■ **Your goal**: The response should consist of every line below, restated exactly, with no pictures.

■ **Data segment**:
§

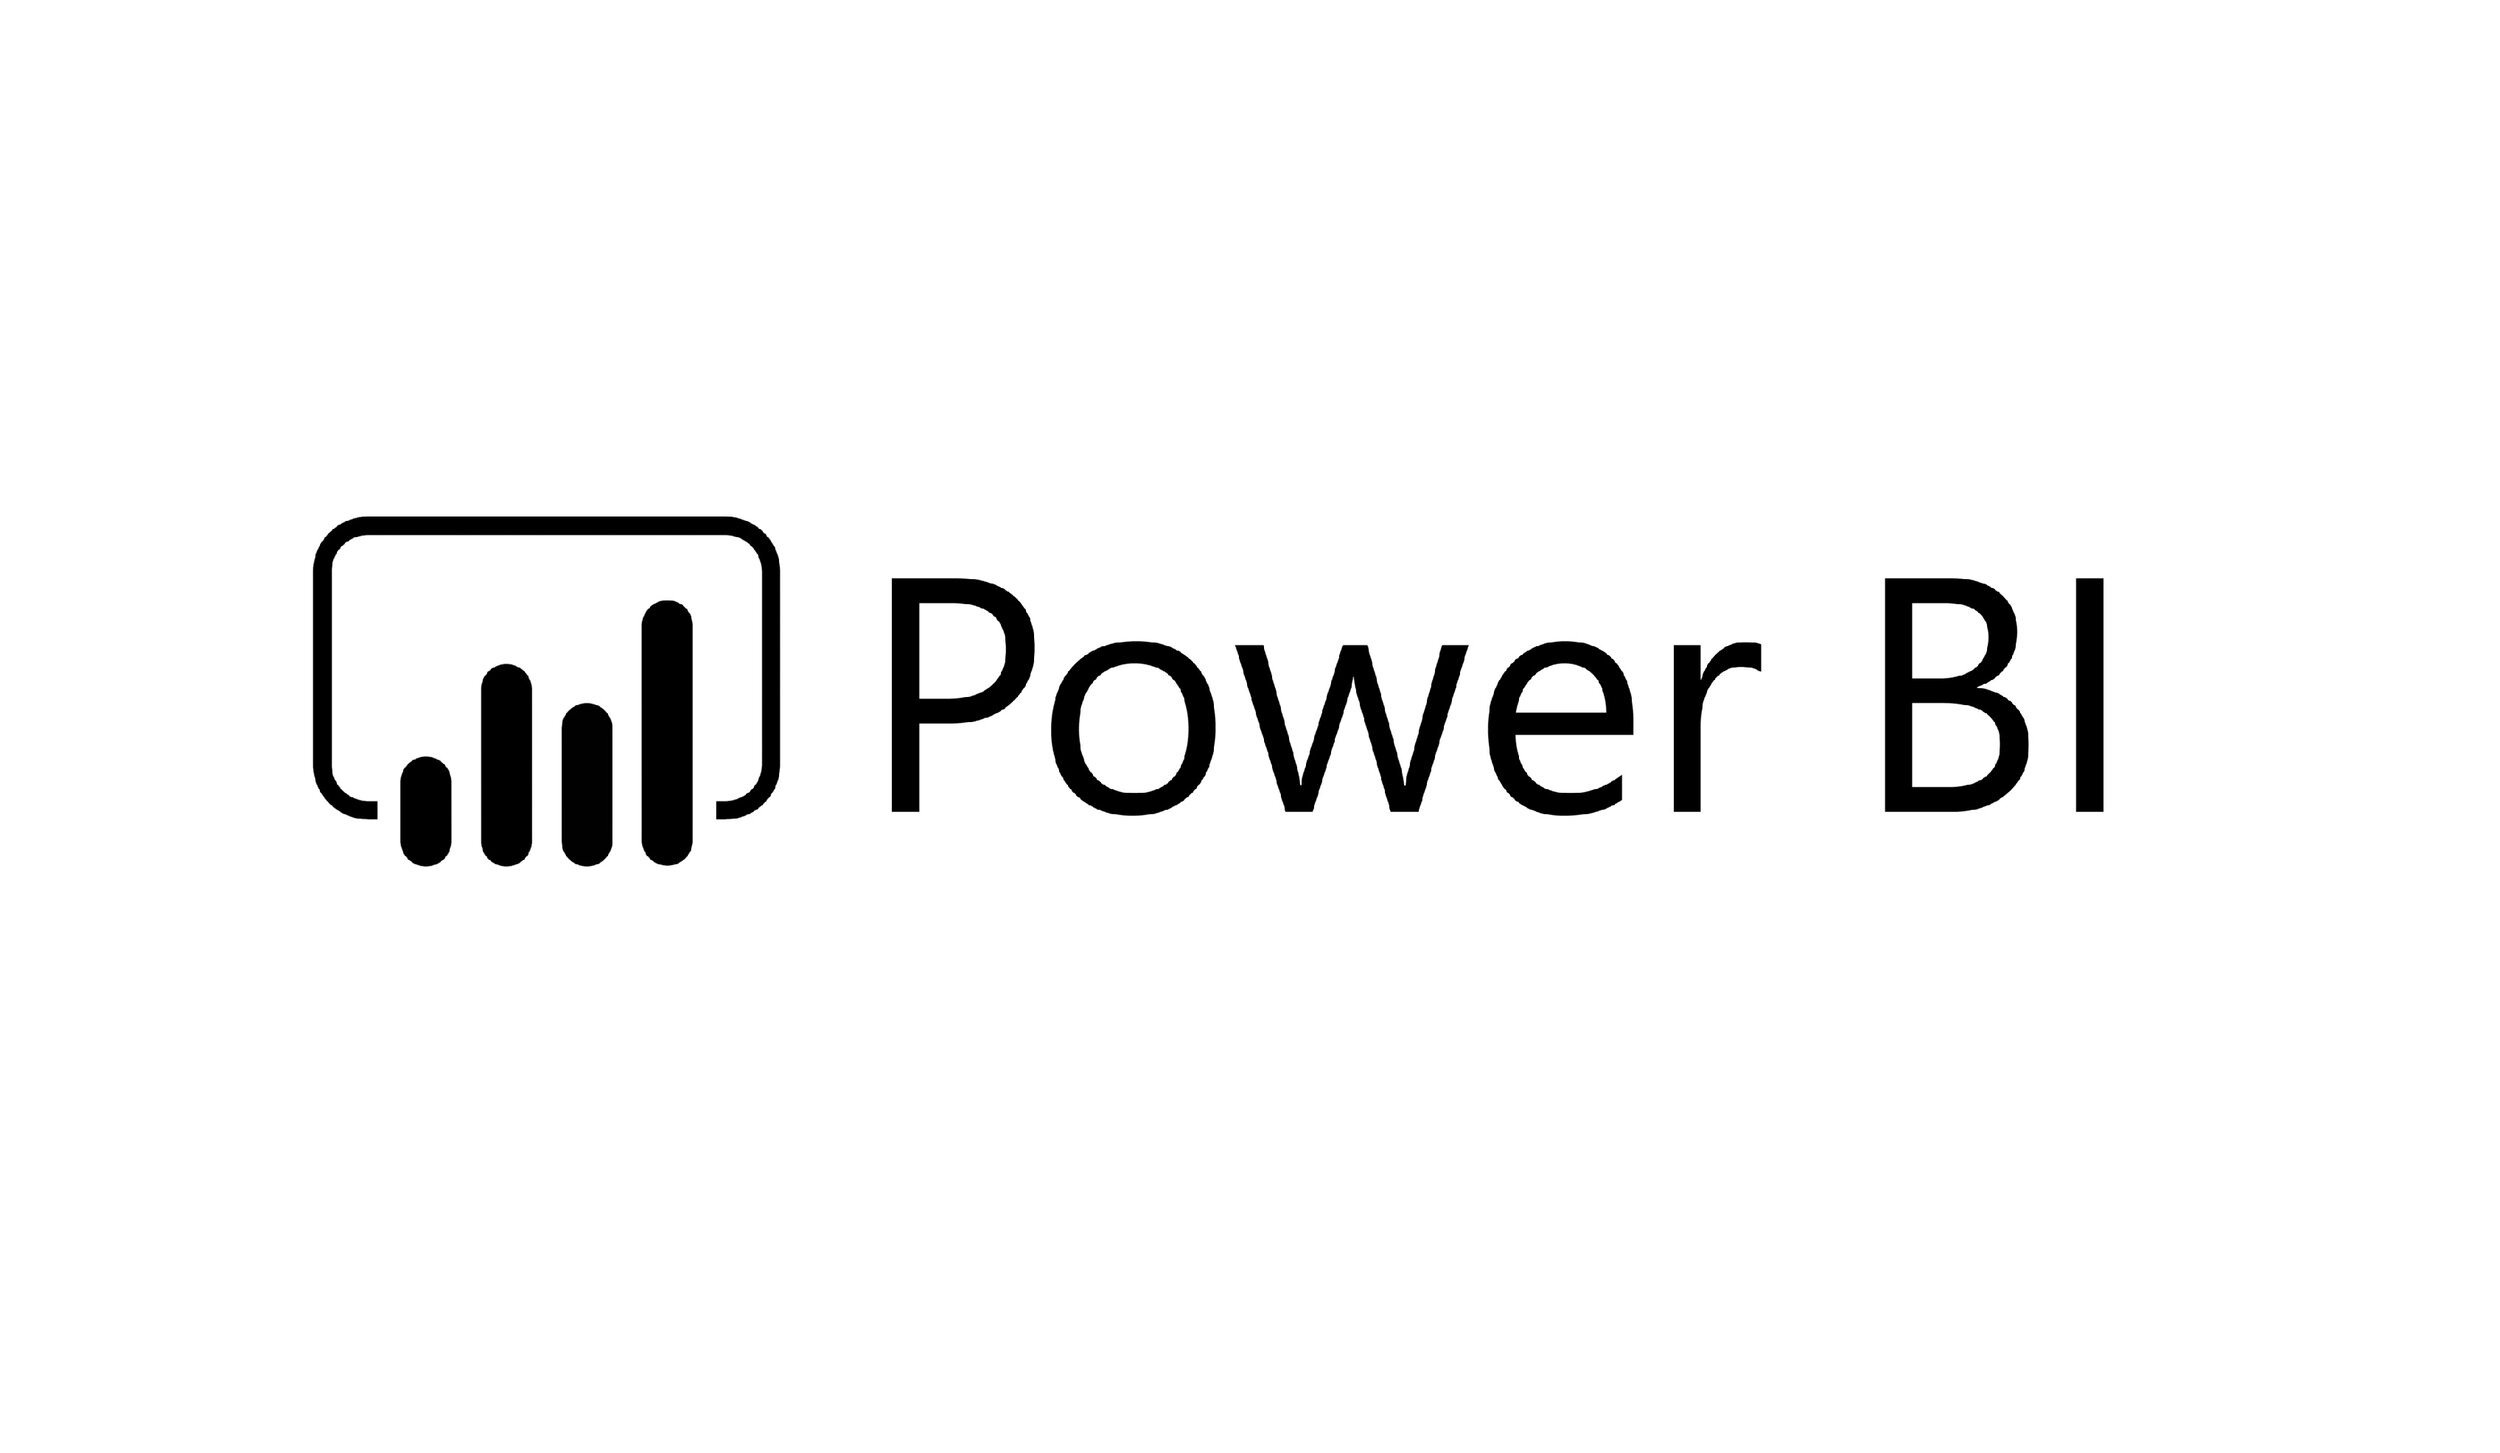 Power BI slide1.jpg
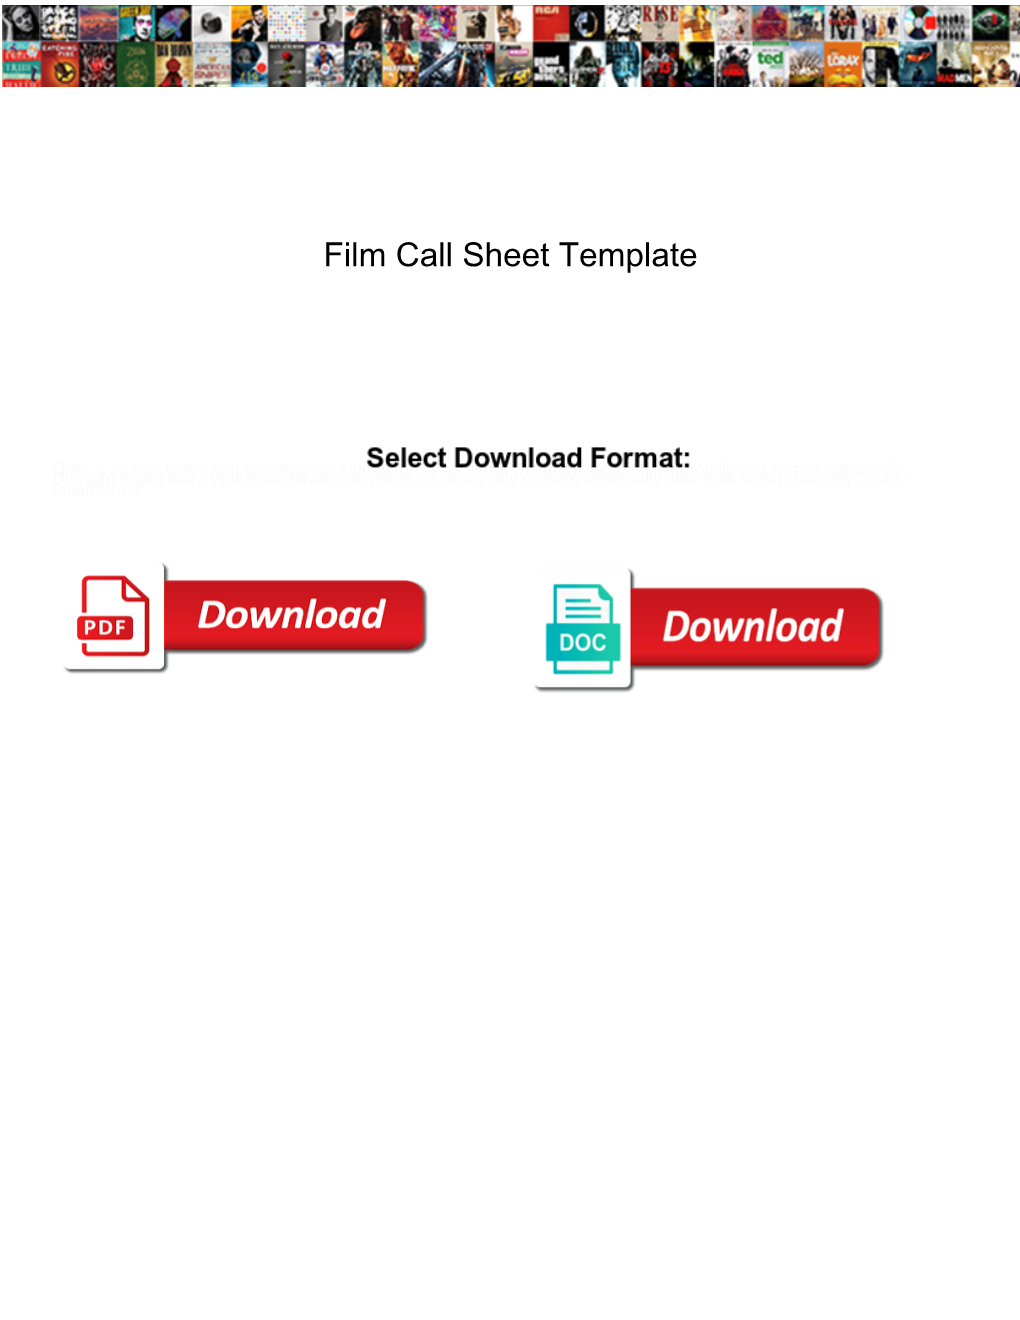 Film Call Sheet Template Yamaha
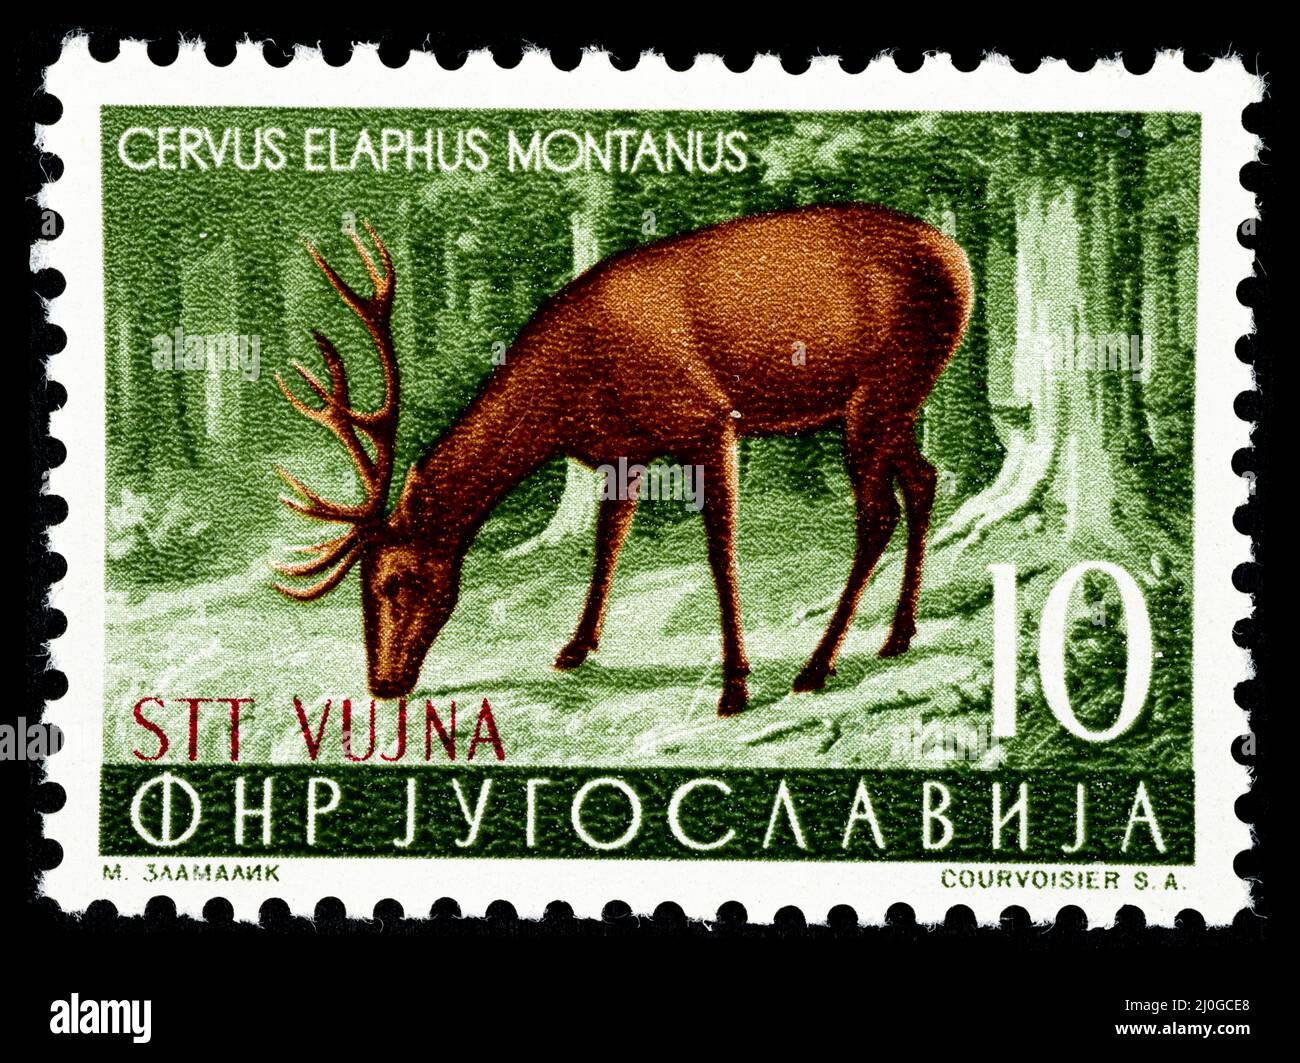 Timbre-poste commémoratif avec l'illustration d'un cerf - Cervus elaphus Montanus émis par l'ex-Yougoslavie surimpression STT VUJNA, Free te Banque D'Images

§

■ **Solved exercise**:
 Power BI slide1.jpg
 Film Call Sheet Template Yamaha
 Timbre-poste commémoratif avec l'illustration d'un cerf - Cervus elaphus Montanus émis par l'ex-Yougoslavie surimpression STT VUJNA, Free te Banque D'Images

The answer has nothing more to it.